There is debate over which type of color circle or color wheel is most accurate, though there is merit in any color circle arranged in a logical sequence. A color wheel has colors arranged according to a chromatic relationship (visual), and helps us understand the relationships between colors. Primary colors are equidistant, colors opposite one another are complementary, and colors placed beside one another are analogous, mimicking the process that occurs when we blend hues.

There are essentially three different types of color circles.

Conceptually, the oldest of all color circles is based on subtractive color and uses cyan, magenta, and yellow as the primary colors. Often blue, red and yellow are used as the primaries, instead of cyan, magenta and yellow. This variation is historical in origin, and based on the availability of pigments. Painters and printers favor these circles.

Red, green and blue are often the primary colors of choice for scientists, as these colors are based on light (additive color). The Standard Table of the International Commission on Lighting (Commission Internationale de l’Éclairage, CIE) is an example of this type of color atlas.

The third type is based on perception, and is favored by psychologists. It uses the primary colors of red, green, blue, and yellow, which correlate with the colors sensed by the cones in the eye. We perceive red, green, and blue as pure colors. Orange, on the other hand, appears to be a mixture of yellow and red. There are no colors that combine red with green, or yellow with blue, so we perceive them as opposites; there is no such thing as reddish-green, or yellowish-blue. An example of a color system based on perception is the Swedish Natural Color System (NCS).

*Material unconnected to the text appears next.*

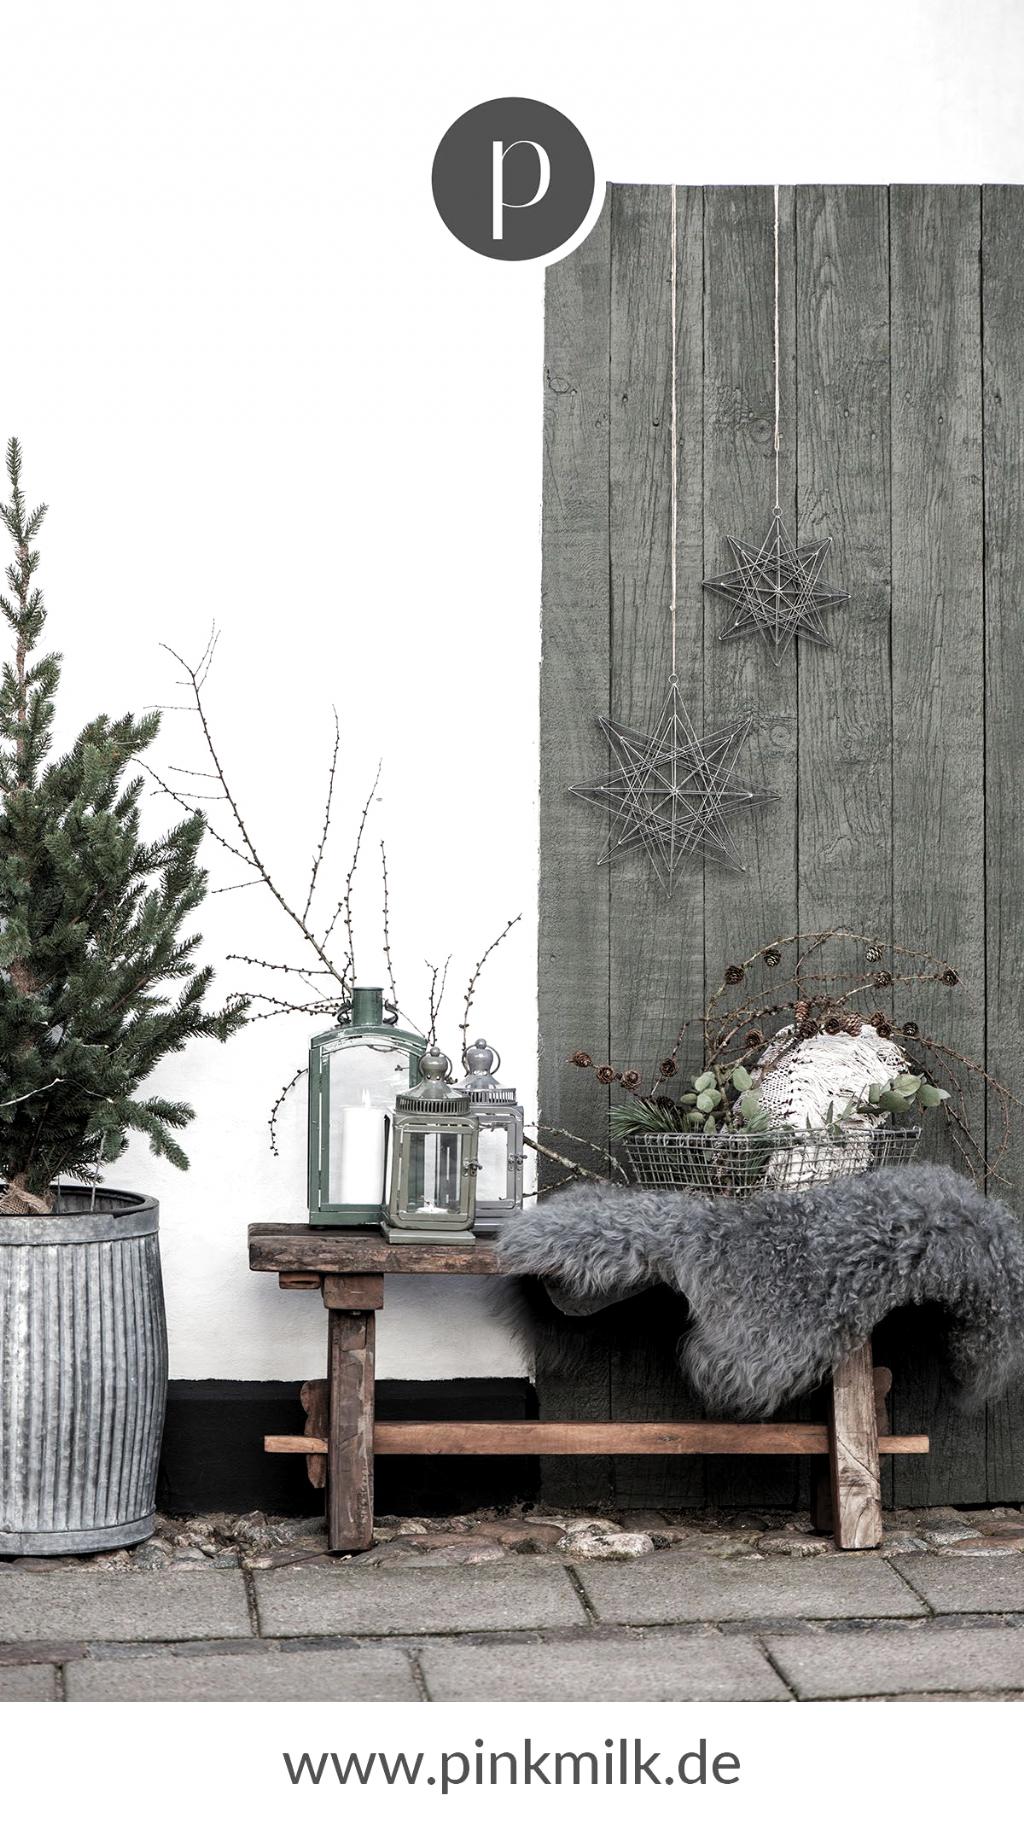 Du liebst den skandinavischen Stil und suchst noch nach toller Weihnachtsdeko? Dann bist Du bei uns genau richtig! Von schönen Weihnachtskugeln bis hin zu Weihnachtsgeschirr findest Du alles bei uns im Shop. #weihnachten #deko #ideen #skandinavisch #einrichten #inspiration #weihnachten #xmas #weihnachtsdeko #haustür #draußen #outdoor

A color atlas is a useful tool representing the full range of colors. This is achieved by assigning a single point in a space to each color, and arranging similar colors close to each other. This space can then be mapped in a series of single maps, together making up a color atlas. Every possible color can be described by three numerical attributes: hue, saturation and brightness (HSB).

The necessity of ordering colors in space was demonstrated for the first time by the color pyramid of Johann Heinrich Lambert (1772). The color samples were prepared by mixing colored waxes in integral proportions.

Isaac Newton deepened our understanding of the true nature of light, and was the first to create a color circle. He ordered the colors as follows: red (musical note C), orange (D), yellow (E), green (F), blue (G), indigo (A), and violet (B). Although purple is not a color of the dispersion spectrum, Newton added it to complete the circle, bridging the gap between red and violet.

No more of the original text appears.